Valuations person soared, but these investments person not yet generated the profits needed to warrant the hype. Critics informing of an “AI bubble” accidental its profitability depends connected AI being adopted everywhere, successful everything, astatine an unprecedented pace. Universities are particularly invaluable successful this project: they connection AI companies legitimacy, standard and entree to aboriginal workers, and tin beryllium presented arsenic impervious that AI is not simply speculative but an indispensable portion of nationalist life.
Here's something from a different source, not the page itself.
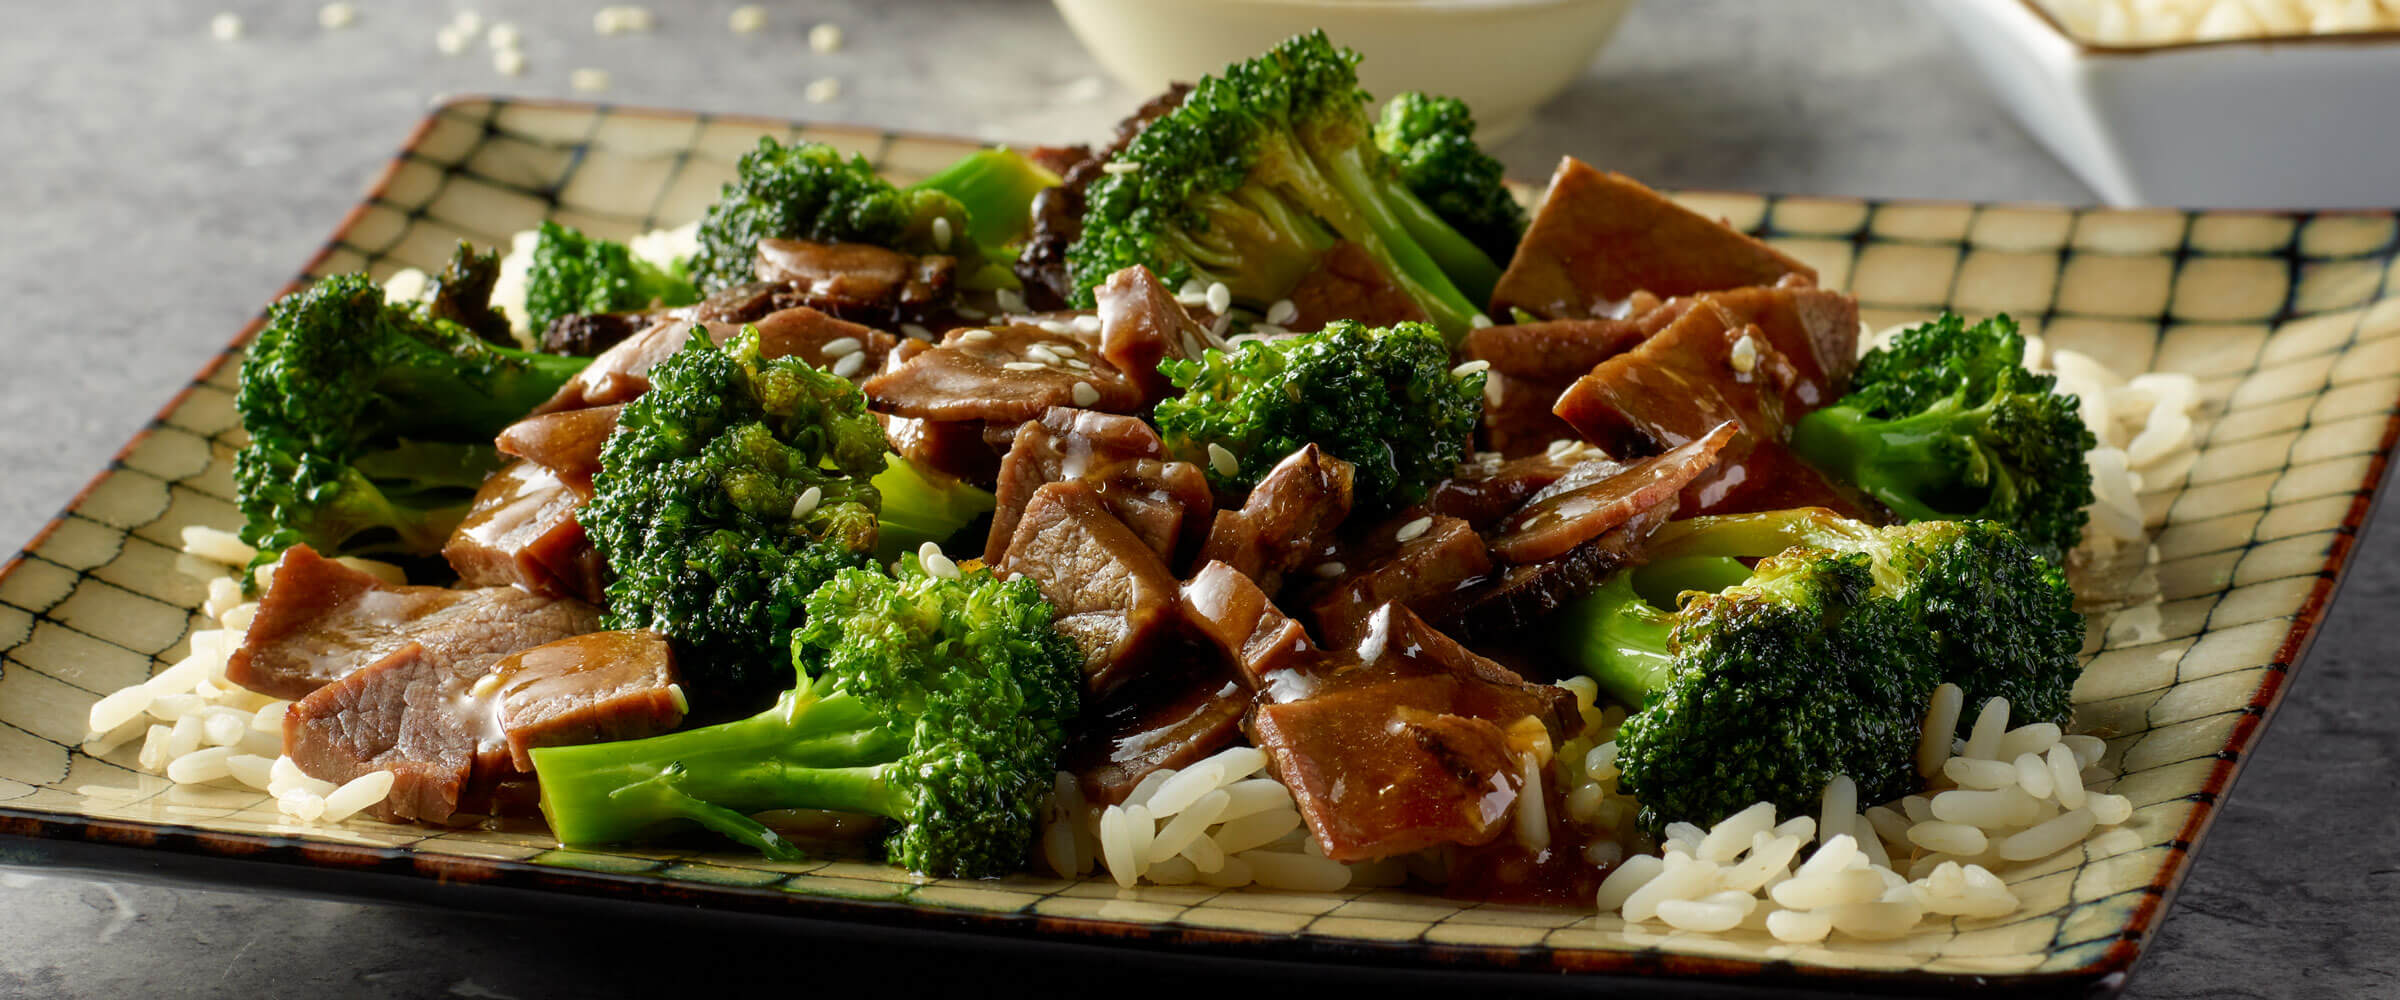 Roast Beef and Broccoli Stir-fry on plate with rice
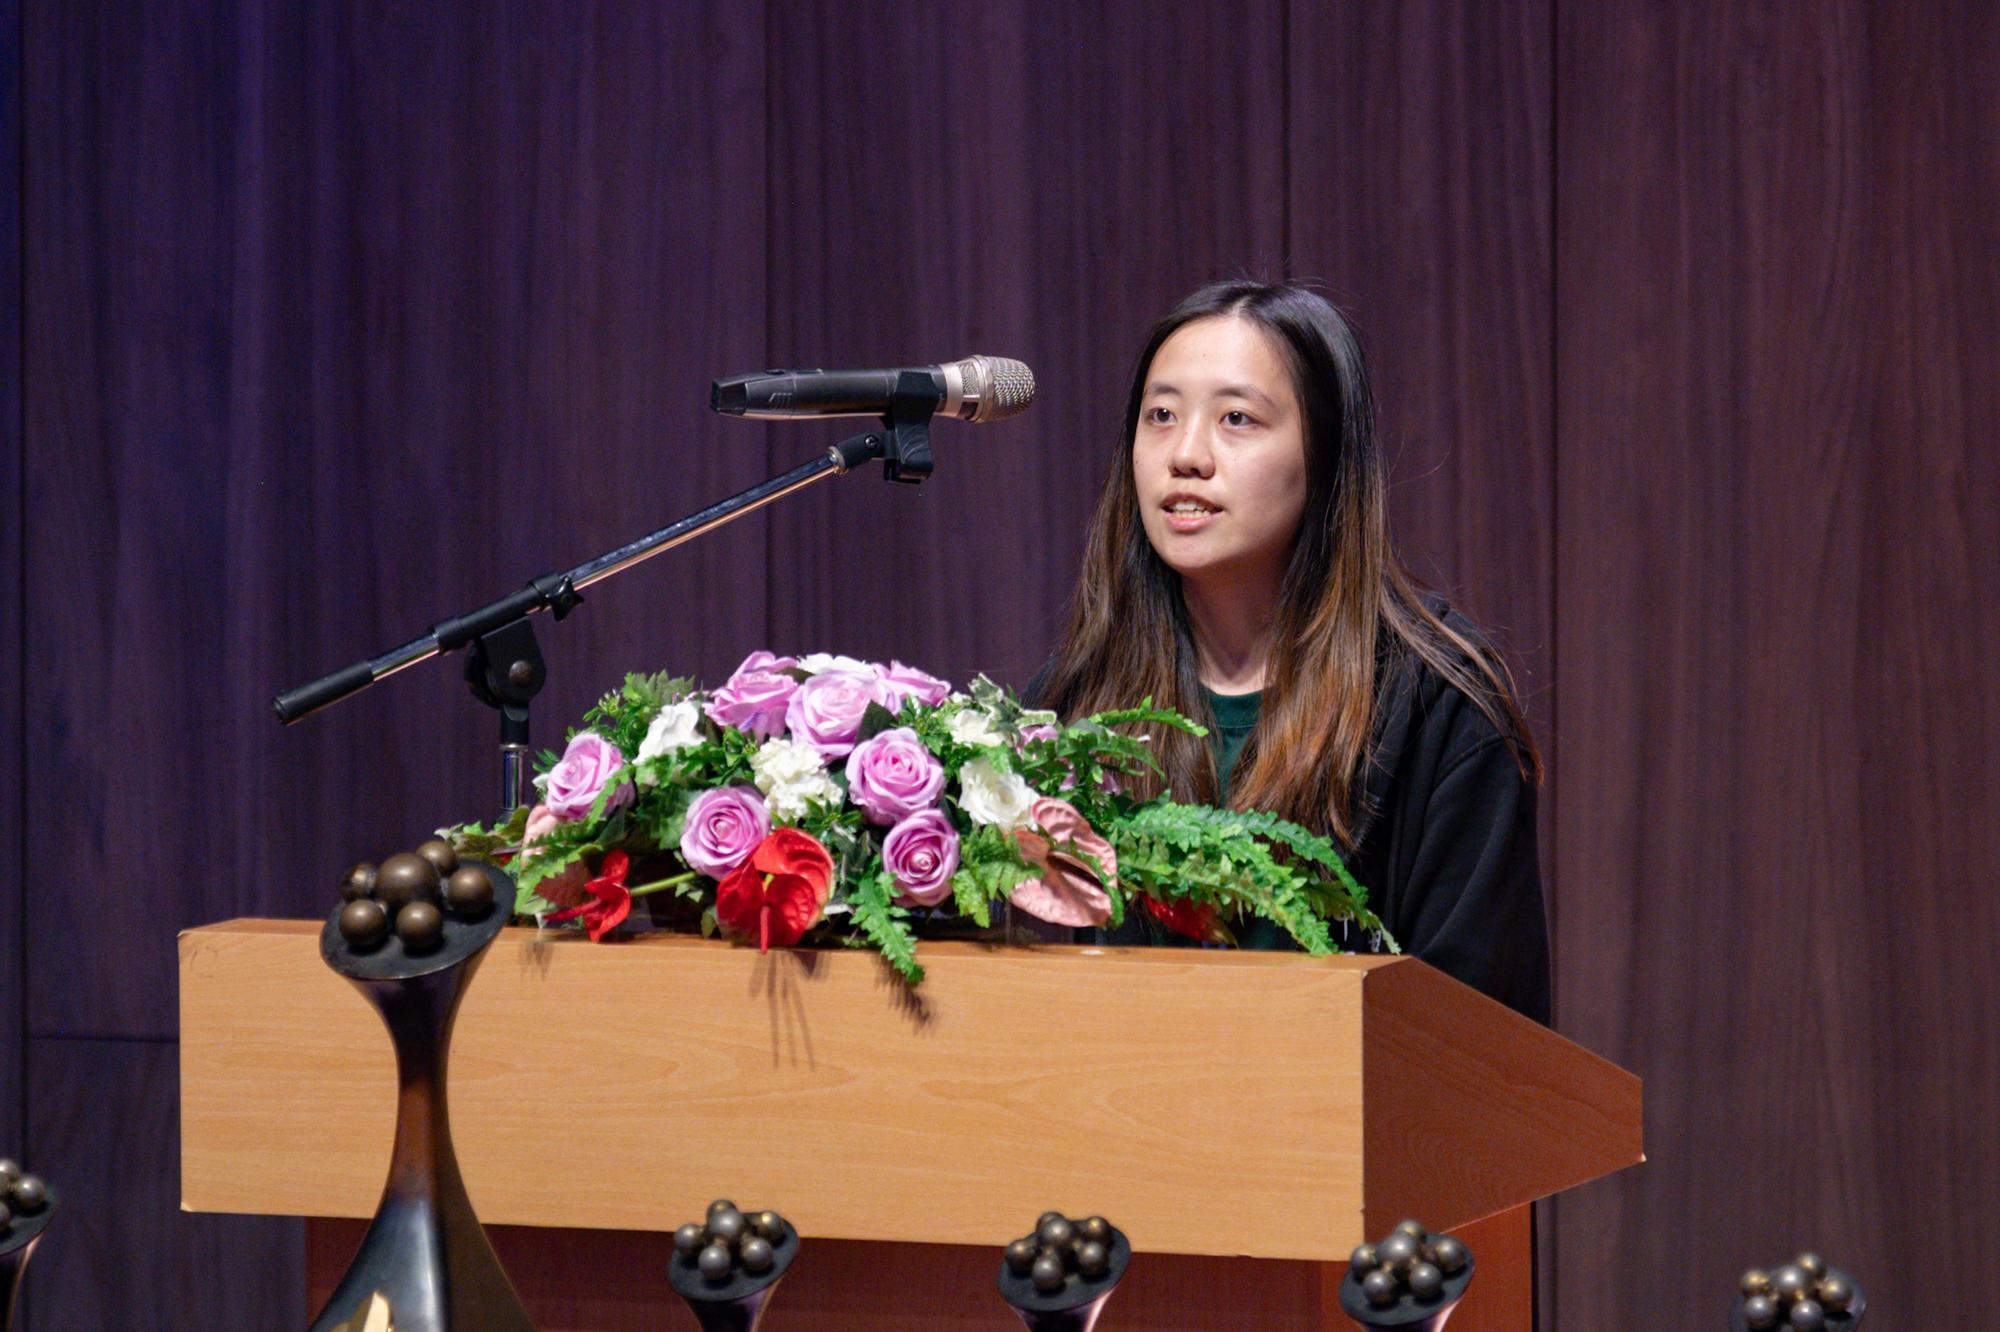 Pin-Wen Chiang (蔣品玟), a senior in the Interdisciplinary Program of Education at NTHU, served as this year's overall coordinator and expressed hope that all students would participate with enthusiasm.

The occupation is that they are present treated arsenic a cog successful machinery built to make profits for Big Tech, portion students and graduates are made to consciousness similar pawns successful the quest for AI’s fiscal viability.

Also being undermined is the halfway relation of the university. Universities were not built arsenic establishments of fiscal efficiency, nor should their superior intent beryllium to proviso workers skilled lone to service the labour market. They were built arsenic institutions of teaching and higher learning, meant to nurture critical-thinking citizens anxious to marque the satellite a amended place.

Which returns america to those graduates and their boos. Their choler whitethorn not person been a afloat formed critique of AI, Big Tech oregon the aboriginal of higher education. But it captured thing real: a refusal to beryllium told that they indispensable simply judge a strategy that treats them little arsenic students to beryllium educated than arsenic workers to beryllium prepared, information to beryllium processed, and consumers to beryllium managed.

In the “age of AI”, this is the ngo of the assemblage that educators, students and the nationalist indispensable defend.

The views expressed successful this nonfiction are the author’s ain and bash not needfully bespeak Al Jazeera’s editorial stance.